The post Attorneys Clash Over Whether Ripple’s Actions Truly Affect XRP Price Movements appeared first on Coinpedia Fintech News

An exchange on social media between attorney and XRP supporter Bill Morgan and former SEC attorney Marc Fagel has once again brought the spotlight back to a long-running question in the crypto industry: Did regulators unintentionally shape the winners and losers of the crypto market?

The debate began when Fagel criticized crypto industry narratives, prompting Morgan to respond with a strong argument that regulatory decisions, especially who regulators chose to investigate and who they did not, may have helped create a market where a small number of cryptocurrencies dominate most of the total market value.

The Argument Over Selective Enforcement

Morgan argued that some early crypto projects were never targeted by regulators even though they had token launches or strong market promotion. According to him, this uneven enforcement allowed certain cryptocurrencies to grow without major legal pressure, giving them a long-term advantage in adoption and market share.

Which would again mean the SEC case against Ripple—which, again, broke the law—had nothing to do with distorting the XRP market.

— Marc Fagel (@Marc_Fagel) February 16, 2026

Fagel pushed back, explaining that regulators cannot bring securities cases without identifying a clear issuer responsible for the asset. In the case of Bitcoin, he said, there was no central issuer to pursue, which made enforcement difficult. Even if enforcement actions could have been taken in some cases, he argued, that would not change whether other companies broke securities laws.

XRP’s Legal Battle Back in Focus

The discussion quickly shifted toward the long-running legal fight involving Ripple and XRP. Morgan emphasized that even though the XRP Ledger operates as a decentralized network, a lawsuit against Ripple inevitably affected XRP’s market position because Ripple was building many of the early real-world use cases connected to the asset.

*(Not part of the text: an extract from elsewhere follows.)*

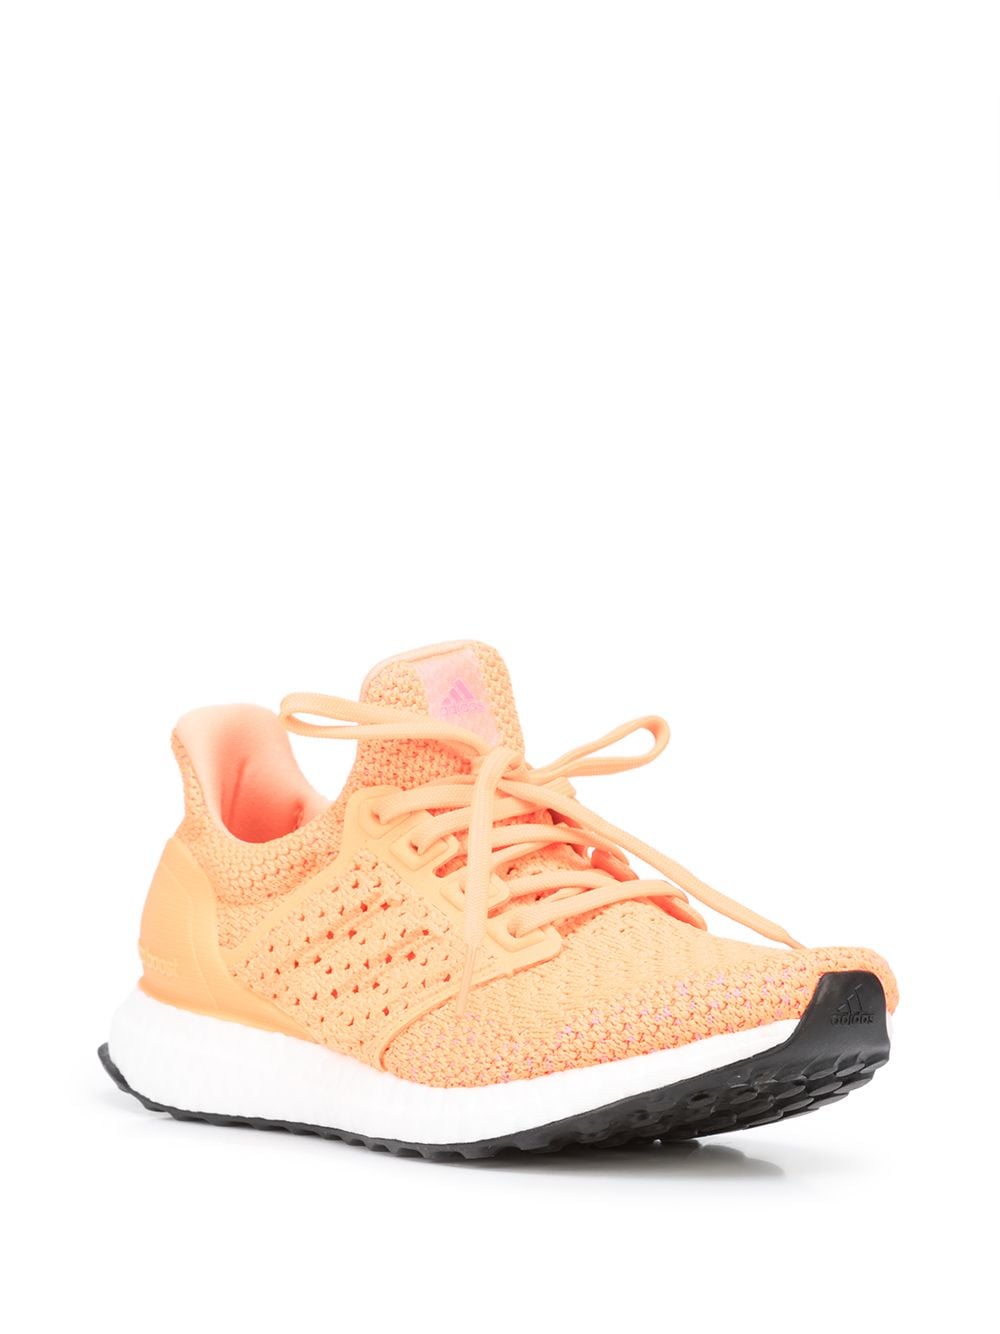 Adidas Ultraboost Clima DNA Performance Sneakers - Farfetch

Fagel responded that Ripple itself had successfully argued in court that many XRP buyers were not relying on the company’s actions when purchasing the token. If investors were not depending on Ripple, he suggested, then the regulatory case should not be blamed for XRP’s market performance.

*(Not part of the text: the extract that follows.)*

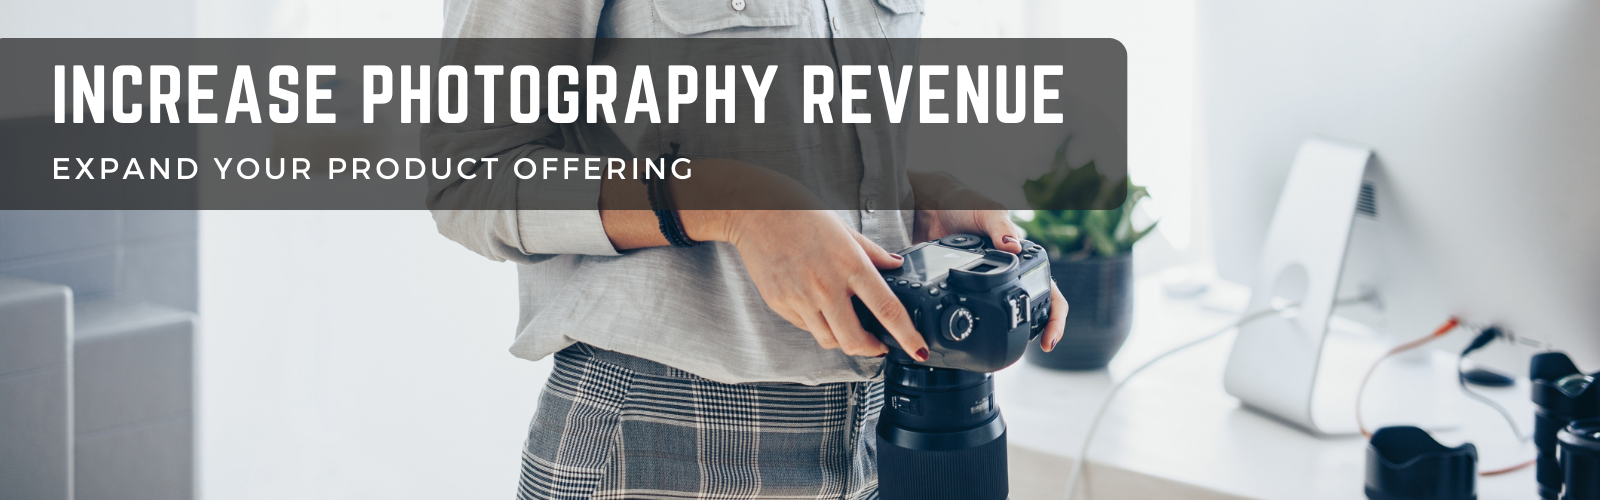 Increase Photography Business Revenue: Expanding Photo Printing Product Offering | Annex Photo by Fujifilm Toronto Canada

Morgan disagreed, saying that XRP often moves with the broader crypto market, especially Bitcoin’s price action, but that the legal case still influenced investor perception and market share when compared with competing cryptocurrencies that did not face similar regulatory challenges.

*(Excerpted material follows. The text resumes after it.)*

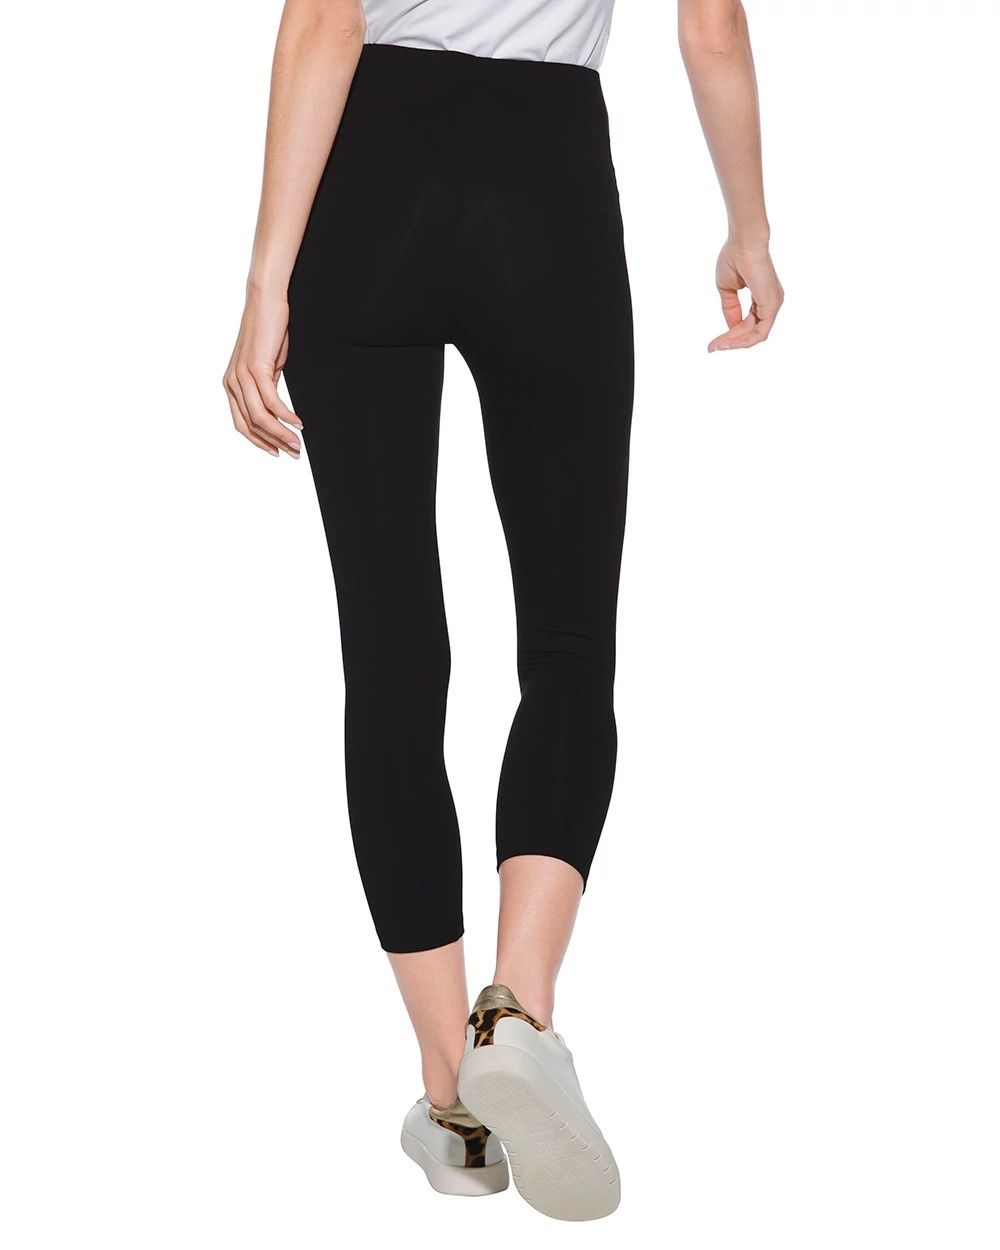 Outlet WHBM Essential Crop Leggings click to view larger image.

A Debate That Still Shapes the Crypto Industry

The Morgan and Fagel exchange shows a bigger issue that continues to divide the crypto world: whether the timing and focus of regulatory enforcement played a role in determining which cryptocurrencies gained dominance.

As new crypto regulations take shape globally, discussions like this show that the industry is still wrestling with an important question, not just how digital assets should be regulated, but whether earlier regulatory decisions already changed the competitive landscape of the market.